Not everyone has a smooth flat driveway. The Maxxhaul trailer dolly is what I purchased and is great for uneven driveways like mine. It's all about safety and convenience when your getting ready to enter the 7th decade. This trailer dolly really makes moving your boat and trailer around easy. Saves on the back, arms, knees and muscles. Will also move smaller travel trailers etc. and the tires are big enough to roll easily on grass. This model has a weight capacity of 600 pounds. There are several makes of this product and some offer large electric units. I put together a short video below. Enjoy
https://youtu.be/Ny4rZ8HEso0


----------



## DaleH (Oct 4, 2020)

Yes agreed, those are great for small but still heavy skiffs! I use one too!

I also have a Trailer Valet 5X model that moves (by hand powered crank) loads up to 500-pounds tongue weight and 5,000-pounds total. My bigger frp boat has to squeeze down the driveway with barely 2-3” to spare between the fence or the house, to get out into the back yard for (sadly) Winter storage. 

This rig weighs 4,800-pounds on the trailer and the 5X trailer dolly moves it FAST, safely and simply. Luckily I bought it new on sale from Home Depot for only $350. They work AWESOME! In fact, the 1st year I had the boat I borrowed a $1,500 electric powered one from a friend and it was sloooow and no where near as maneuverable; way too many slow back-ups & forwards to get the trailer aligned for my ‘squeeze point’ by the house - the hand-powered one just works better!

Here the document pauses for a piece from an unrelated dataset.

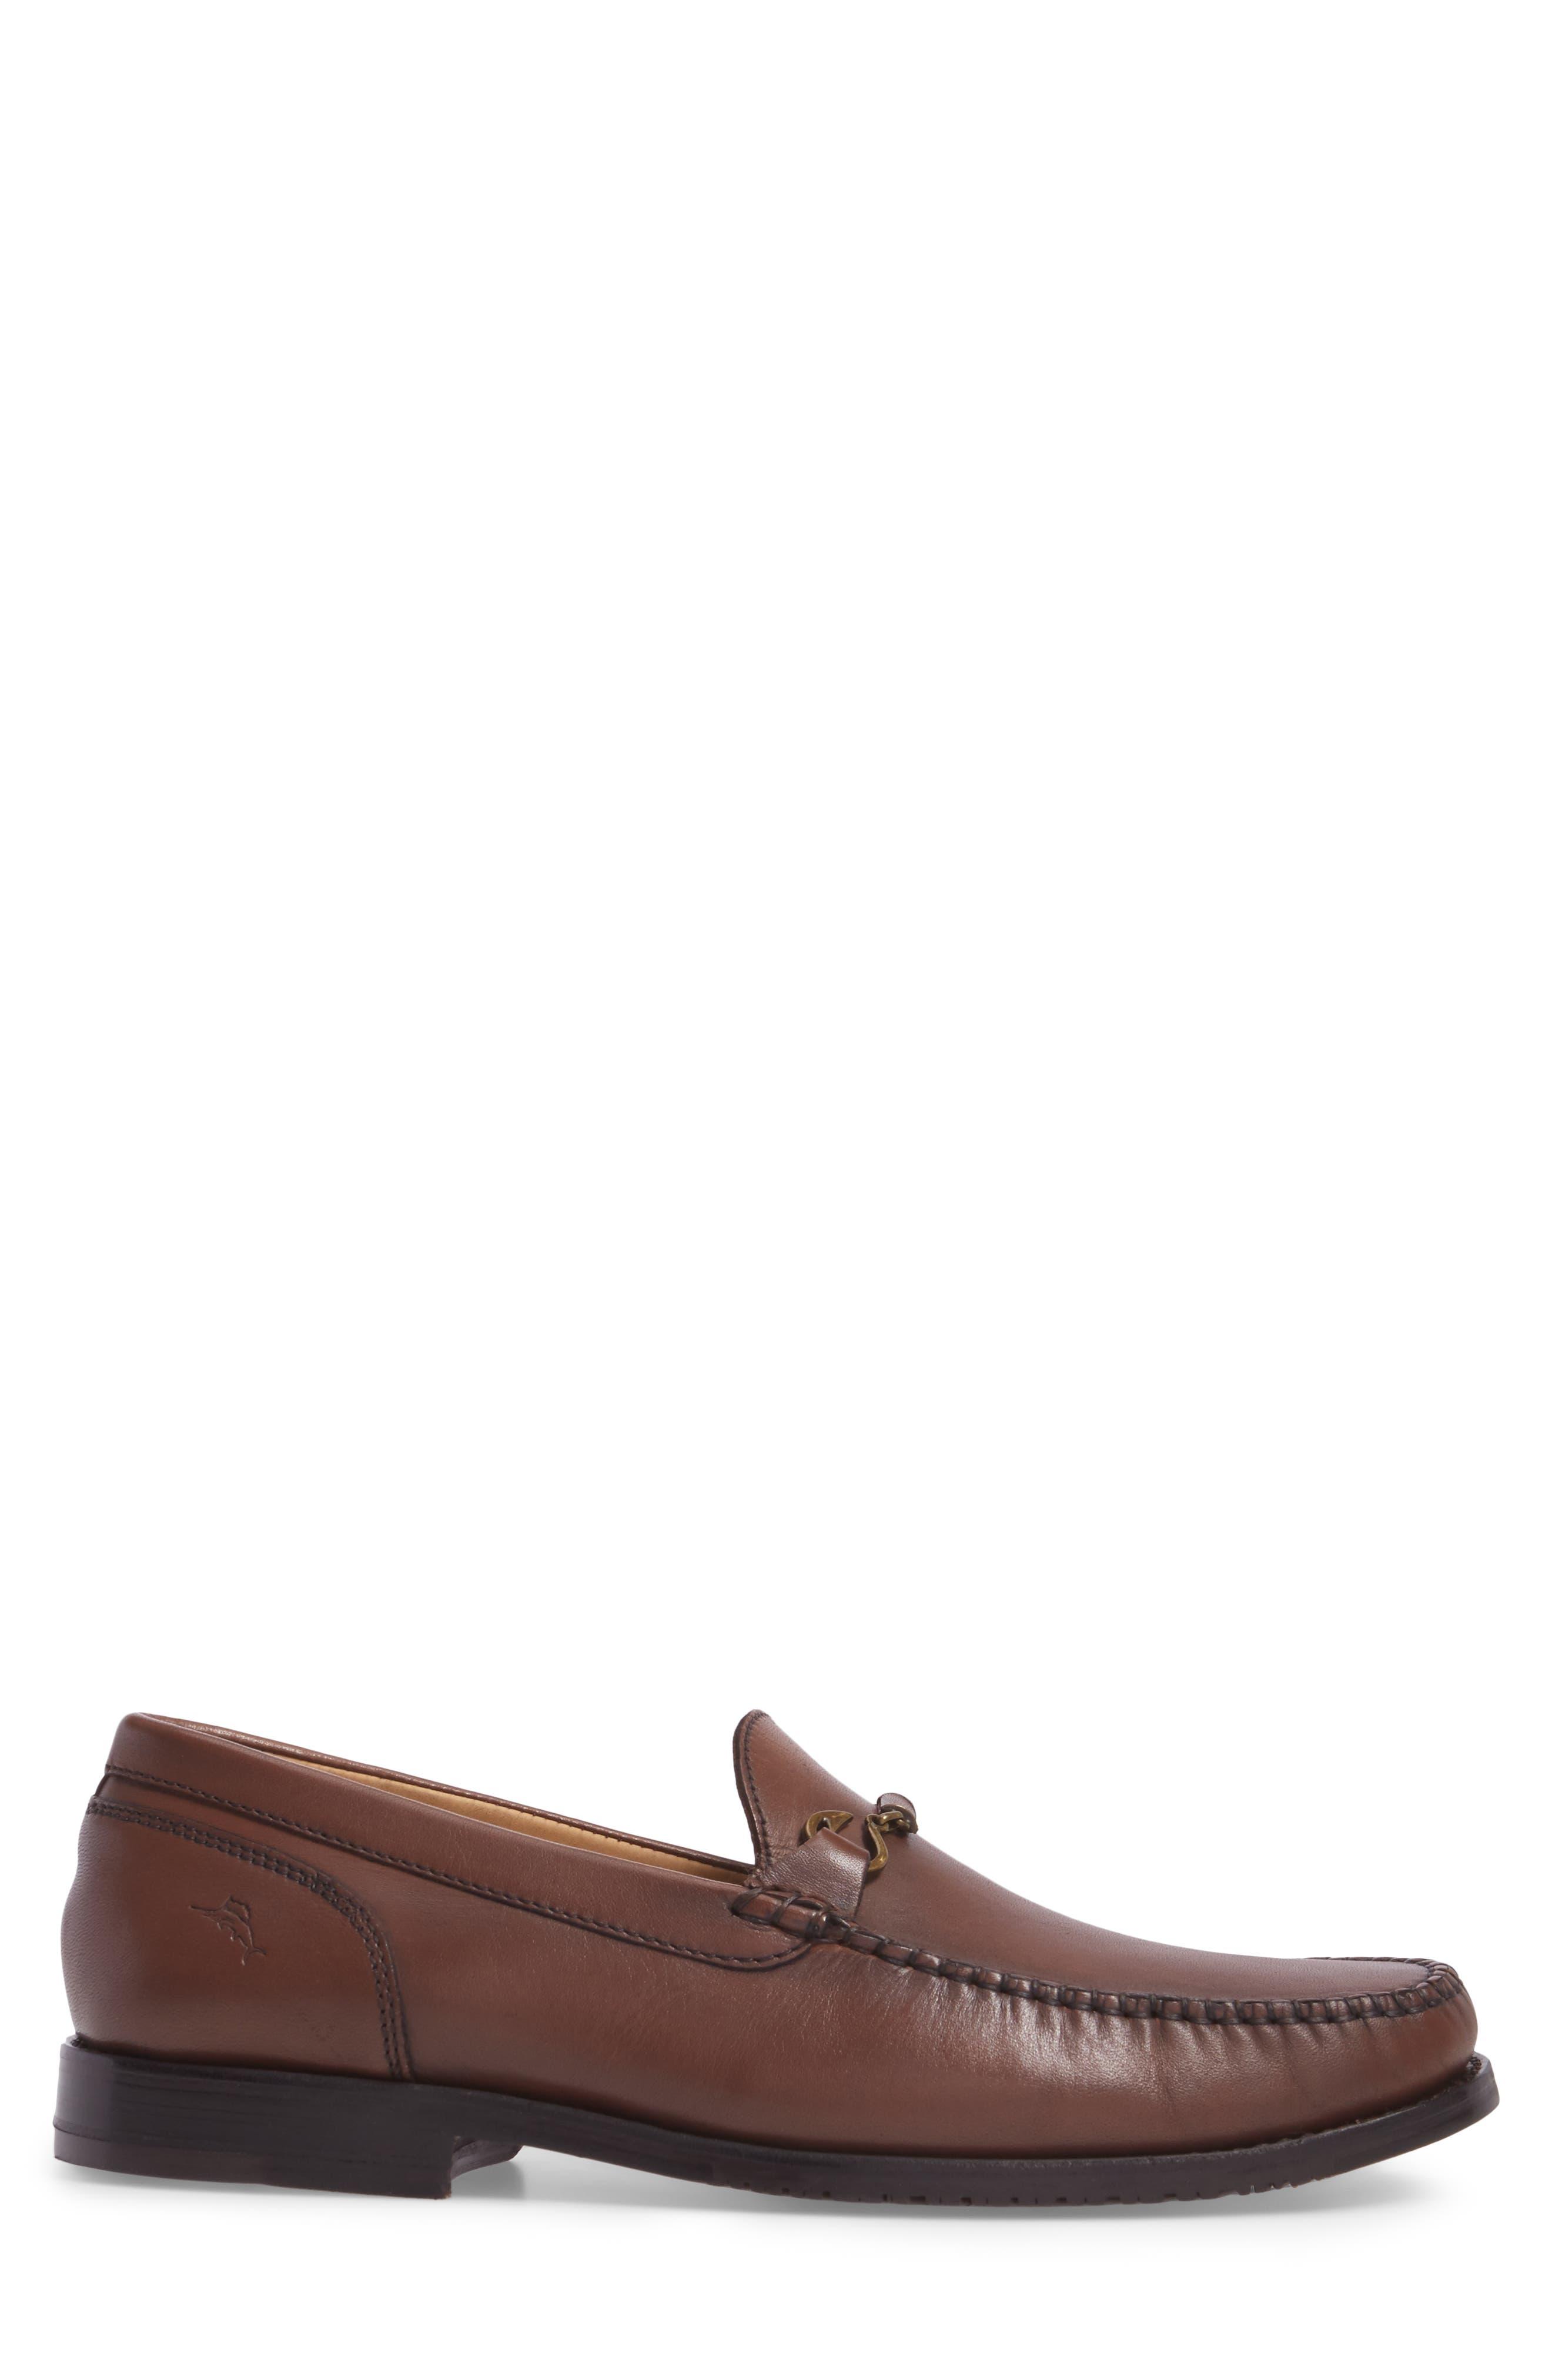 Maya Bay Bit Loafer,                             Alternate thumbnail 3, color,                             Brown Leather

Link = https://trailervalet.com/shop/trailer-valet-5x/
...


----------



## lckstckn2smknbrls (Oct 4, 2020)

I have bad knees, ankle and shoulder. I picked up a trailer dolly on C-list for $20, it's the upgraded model with adjustable ball height.
I want to add the third wheel under the handle.


----------



## Alex from GA (Jan 10, 2021)

Long long ago in a far away land I had to put my 23' ocean boat in my uphill very narrow driveway with very little space to maneuver. I installed a trailer hitch on the front of my truck and could put the boat an inch from my driveway wall. 50 years later I'm still using the same truck and front hitch for my very light tin boat.


----------



## maintenanceguy (Jan 10, 2021)

I don't use one on my boat, I can still muscle it where I want it - as long as I want it pretty close to where it already was.

We do have one at work and you can move a lot of trailer with one.


----------



## Snowshoe (Apr 2, 2021)

Exactly what I needed to move my boat around. I ordered a Maxx Haul yesterday. Thanks for the info.


----------